# ET Phone Home: Belgium Sept 2014



## darbians (Jan 18, 2015)

Built in the 1950's and consisting of nearly 50 small parabolas it was made to observe the changes in solar activity
It seems to of been out of use for sometime but I think it is being maintained by enthusiasts and one large parabola is still in use.
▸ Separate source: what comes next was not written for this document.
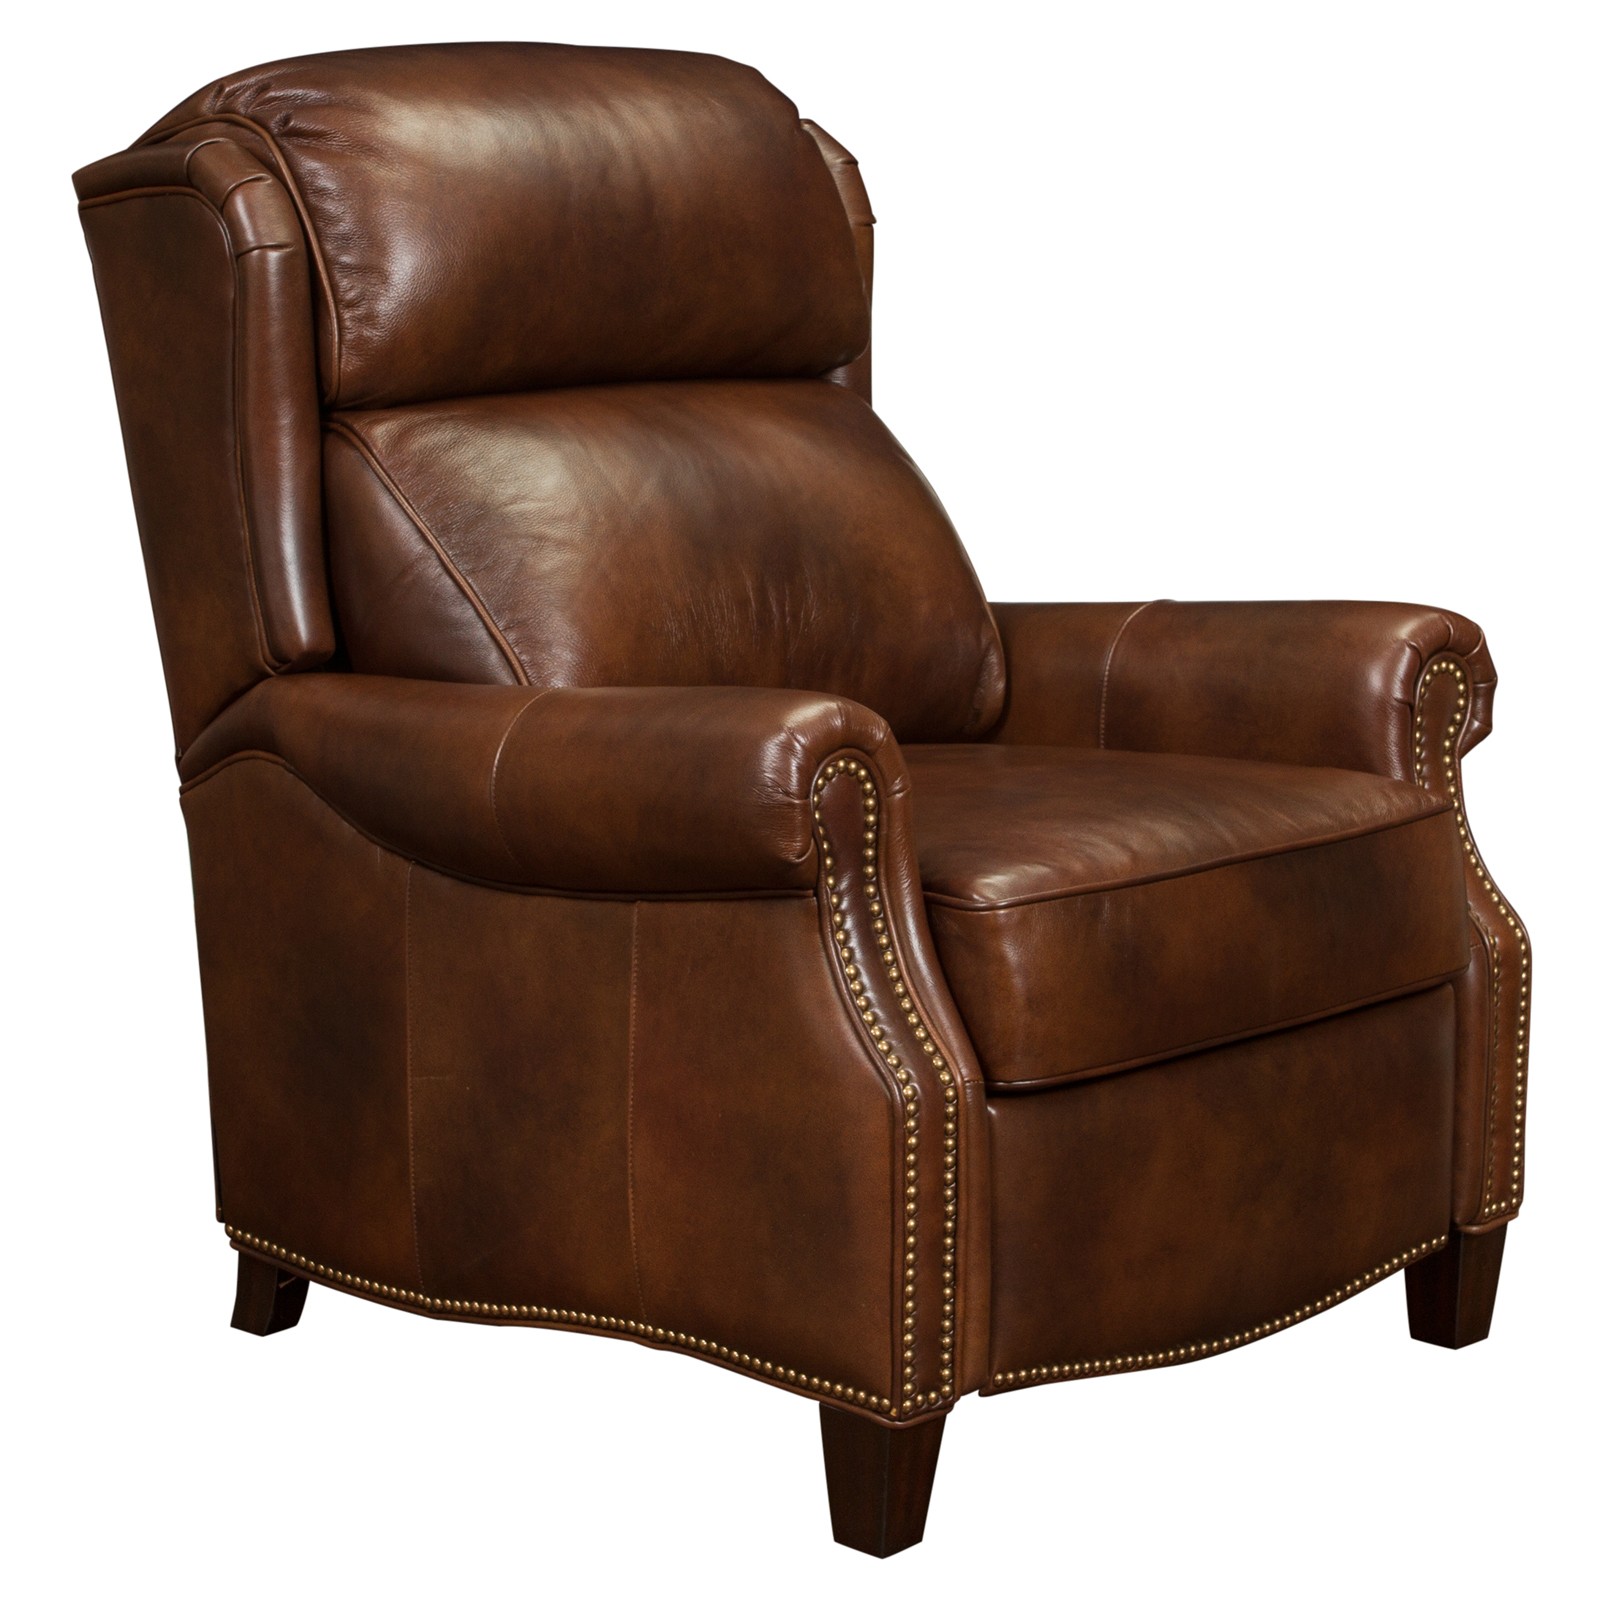 Barcalounger meade leather recliner recliners at hayneedle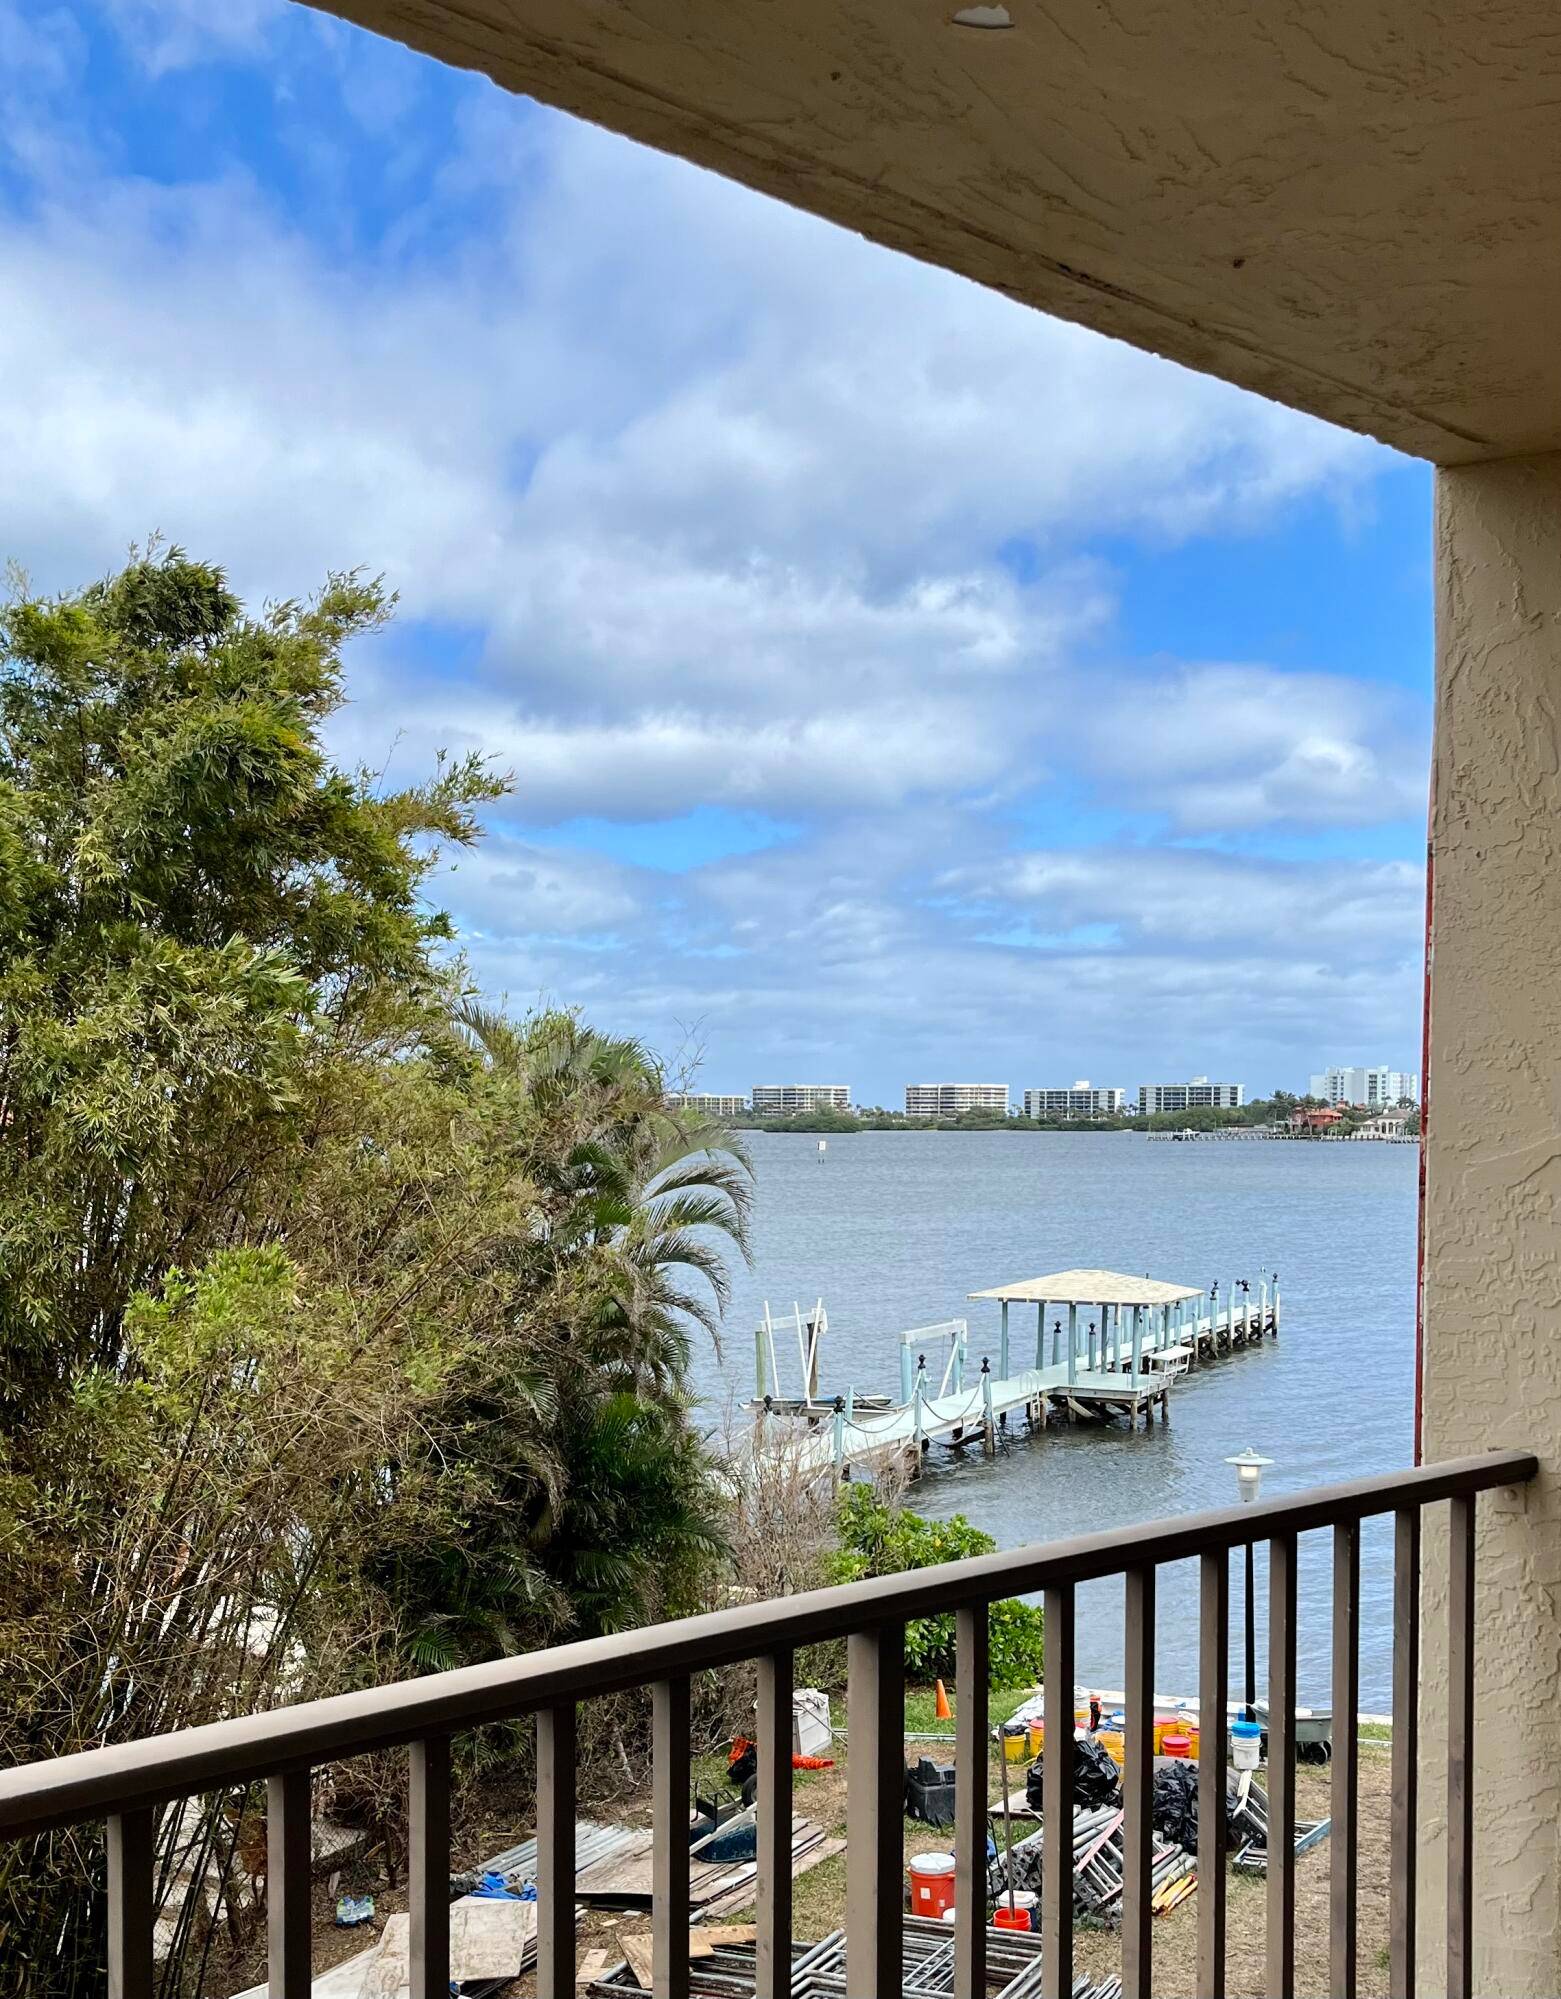 Waterfront Living or a Rentable Condo with Intracoastal views from this stunning 2 bed 2 bath condo, offering picturesque views of the Intracoastal waterway.

I made two visits over the weekend once at night and once during the day. I hope you enjoy.

1.






2.





3.





4.





5.





6.





7.





8.





Thanks for looking peeps. A few more shots van be found at ET Phone Home.​


----------



## LittleOz (Jan 18, 2015)

That's different. Awesome shots, especially # 4 and # 6.


----------



## Conrad (Jan 18, 2015)

Nice shots, loving the silhouette and depth of field stuff.


----------



## krela (Jan 18, 2015)

I love #6. Beautifully done.


----------



## DirtyJigsaw (Jan 18, 2015)

Beautiful. Loving the night shots


----------



## The Wombat (Jan 18, 2015)

Awesome shots
good work


----------



## Ninja Kitten (Jan 18, 2015)

oh yes!!!!


----------



## darbians (Jan 18, 2015)

Thanks so much peeps. Its good to see something different now and again.


----------



## flyboys90 (Jan 18, 2015)

Stunning silhouettes and night shots.


----------



## cunningplan (Jan 18, 2015)

LittleOz said:


> That's different. Awesome shots, especially # 4 and # 6.



I totally agree with that


----------



## brickworx (Jan 19, 2015)

That's proper cool....nice work


----------



## freeclimb (Jan 19, 2015)

Wow, some really stunning photos there. Good work!


----------



## UrbanX (Jan 20, 2015)

Wow those night time shots are something else! Beautifully done! 
Thanks for sharing


----------



## darbians (Jan 27, 2015)

Thanks a lot guys. I thought I was being original going at night. Only to find another group were there a few hours before me!


----------



## J_a_t_33 (Feb 2, 2015)

Haha^^ Amazing work man, really enjoyed this one!


----------



## darbians (Feb 3, 2015)

Sssshhh, they never sorted the white balance out though 

Thanks a lot J a t.


----------